Closed sr320 closed 7 years ago
Broadly, I hope to gain further insight into how genomic and proteomic research tools are used to address fisheries science questions so I can begin formulating a research idea/plan. My goal is to first learn the language of bioinformatics in order to understand colleague's work and begin to play around with the tools. Then, I hope to be able to consider which tools/software and methods will be effective at answering potential thesis questions, then to apply tools on my own (future) data analysis. Finally, I hope to feel comfortable communicating effectively on this topic (discussing methods of analysis, issues encountered, presenting, etc.).
I am excited to begin learning some of the tools used in the field of proteomics and genomics to answer some of our research questions. I want to be able to understand the language and become more familiar with programs such as R, python, and Github. Creating an online lab notebook has been a goal of mine over the years and I look forward to creating a space where we can collaborate and share knowledge. Perhaps by understanding how to manage and analyze data sets, I would gain insight on how to better design experiments in the future.
I am hoping to learn more "best practice" techniques when it comes to both bioinformatics and reproducible science. Having done limited bioinformatics work, I've found it easy to get ahead of myself with the multitude of data analysis pipelines and soon find myself lost both organizationally and in terms of answering the question I'm after. Additionally I'm excited to see what other questions are being answered using these tools, learn more about genetics beyond gene expression, and most importantly use the class project as a catalyst for turning my RNAseq dataset into a publication.
I would like to become more familiar with the various programs that are used to manage and process large amounts of genomic data; I'll have to analyze SNP data for my current research, but I'd also like to be exposed to other types of data and analyses. By doing so, I'm hoping to get a better understanding of all of the questions that can be answered with genomic / proteomic data, and be prepared for future research experience. In a more technical sense, I'd like to become more familiar with GitHub as a resource for accessing shared data and code, and learn specific data analyses that I can use to explore my own RADseq data.
Goals for the course:
(1) I want to learn how to use some of the programs that I will need to process my data sets and become familiar with bioinformatics pipelines.
(2) I want to write more efficient and more useful (to other people) code.
(3) I want to get in the hang of using git hub for my research.
My main goal for the course is to be able to better understand how to deal with large genomic datasets.
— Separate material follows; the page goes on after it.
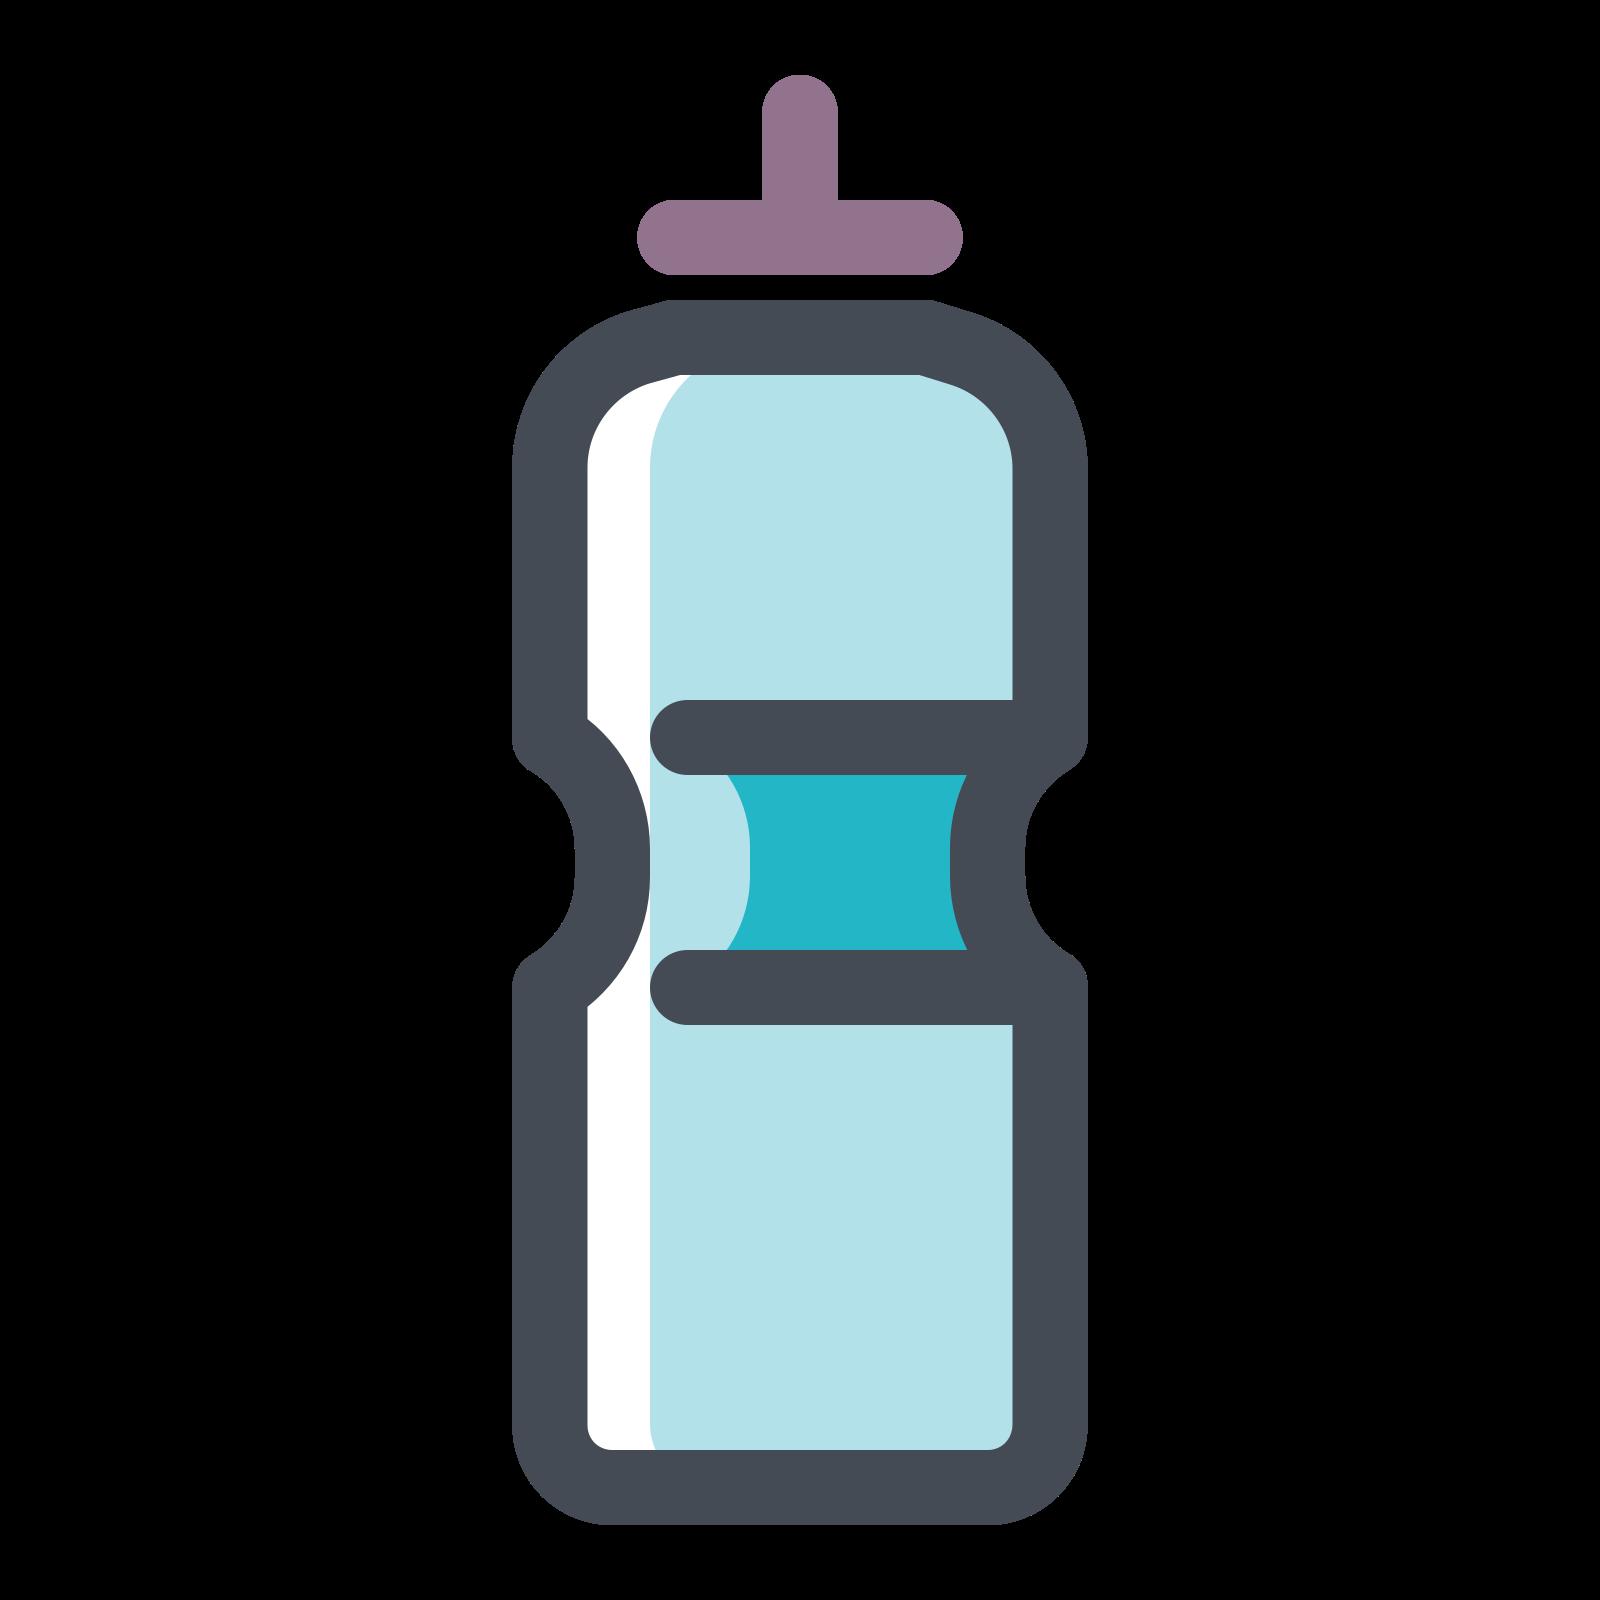 Butelka sportowa icon

It seems that our lab's research is headed in a direction where we will be dealing with a lot of this type of data in the coming years so I would like to be able to keep up. I hope that by taking this course I'll be able to make a larger contribution to discussions about the research and analysis of the data.
I hope to learn techniques I can apply towards my own research projects, ranging from data management to analysis. I also want to become more familiar with GitHub to promote open and reproducible science. Bioinformatics seems like the "next big thing" in our field, and I would like to start thinking in this type of mindset when framing research questions.